Depending on what the underlying hardware supports, libpmemobj will use different types of flushing inside persist. For example, if the pool file is stored in a regular block device, it will use msync() for synchronization. This involves the file system and writing whole blocks of data (usually 4KB in size) which is very inefficient. If, on the other hand, we have a supported persistent memory device, flushing involves simple CPU instructions executed from user space. In that case, flushing is done at cache line granularity.

Example

Now that we have a good idea of what a pool is and some of the functions supported by its interface, let's take a look at simple examples using persistent memory pools. In this example we will look at part of the Panaconda code sample. Panaconda is a game of Snake that demonstrates persistent memory pools, pointers, and transaction, and can be found in this GitHub* repository. You can learn more by reading the article Code Sample: Panaconda - A Persistent Memory Version of the Game Snake. Here we dive into a small code snippet:

pool<game_state> pop;
if (pool<game_state>::check(params->name, LAYOUT_NAME) == 1)
             pop = pool<game_state>::open(params->name, LAYOUT_NAME);
else
       pop = pool<game_state>::create(params->name, LAYOUT_NAME, PMEMOBJ_MIN_POOL * 10, 0666);
pop = pool<game_state>::close(params->name, LAYOUT_NAME);

The code snippet above was taken from the game class, which is responsible for checking to see if the game file specified already exists. Once the user specifies the persistent memory pool filename in params->name, it checks for a match with the name of an existing pool. If the pool exists, that pool is opened and the game resumes using the objects persisted in the pool.

If the pool name does not match an existing pool, a new pool is created with the specified name. Once you're done with the pool you must close it, as done in the last line after the if statement above.

Let's also look at a real example of finding the root object from the same Panaconda code sample. In Panaconda, the game class is the root object (object that anchors all other objects inside the pool). This root initialization happens in the init() function of the game—which is responsible for initializing the game at program startup. The code snippet below shows how to retrieve the root. This involves a call to the get_root function:

persistent_ptr<game_state> r = state.get_root();

Summary

The goal of this article is to introduce you to the concept of persistent memory pools and how application developers can employ this abstraction of the libpmemobj library from PMDK for persistent memory programming.

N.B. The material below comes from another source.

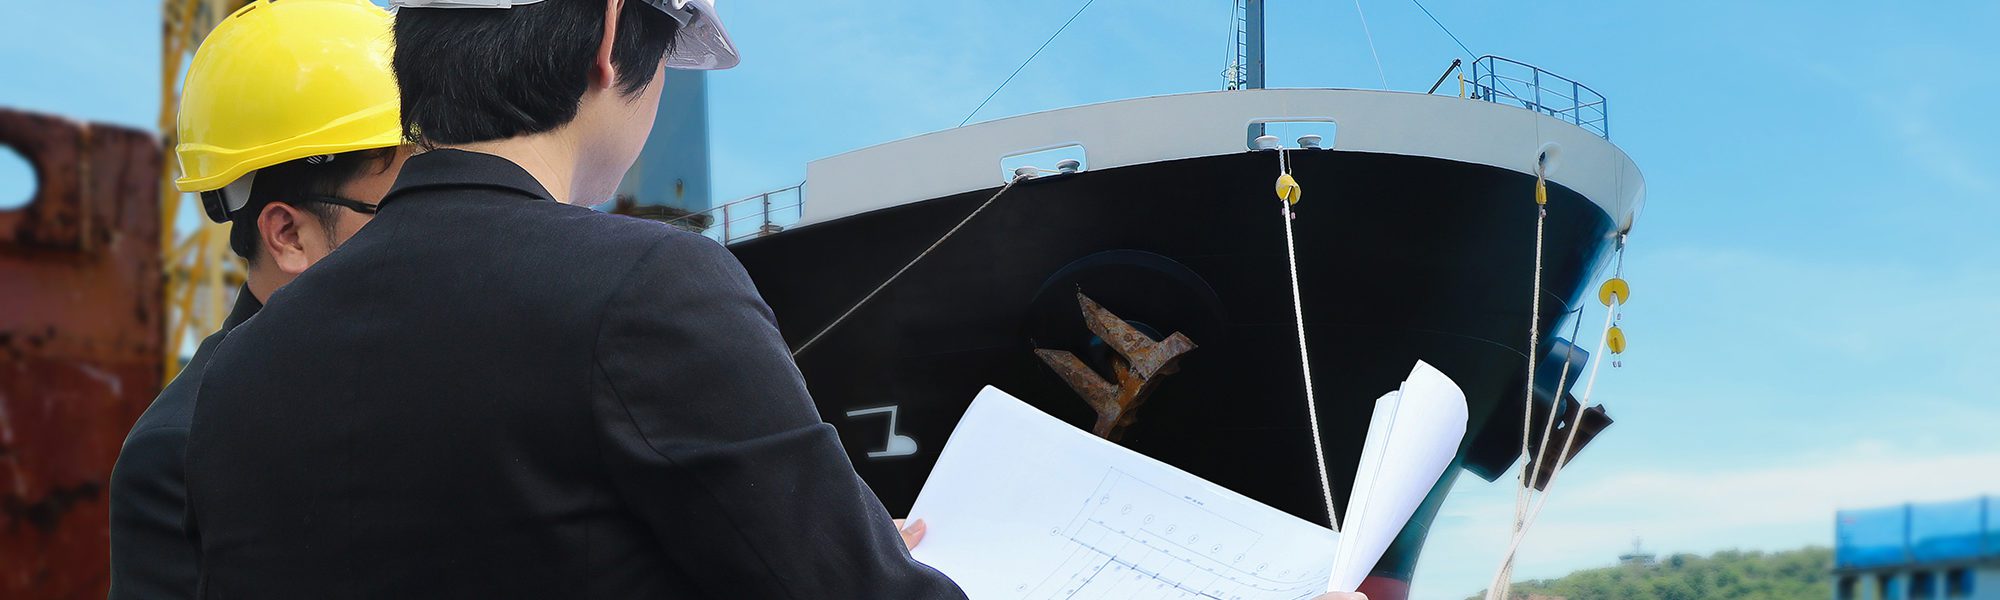 Two engineers reading a blueprint by front cargo ship or shipbuilding in shipyard background

A pool is essentially a file stored on persistent memory. The three main functions in the pool interface are create, open, and close. These functions behave as their name suggest, that is, create is used to create and open a new pool, open simply opens an already existing pool, and close closes an opened pool. With pools we can also get a pointer to our root object with the get_root function, as well as synchronize data with functions such as persist. To find more persistent memory programming examples, visit the PMDK examples repository on GitHub.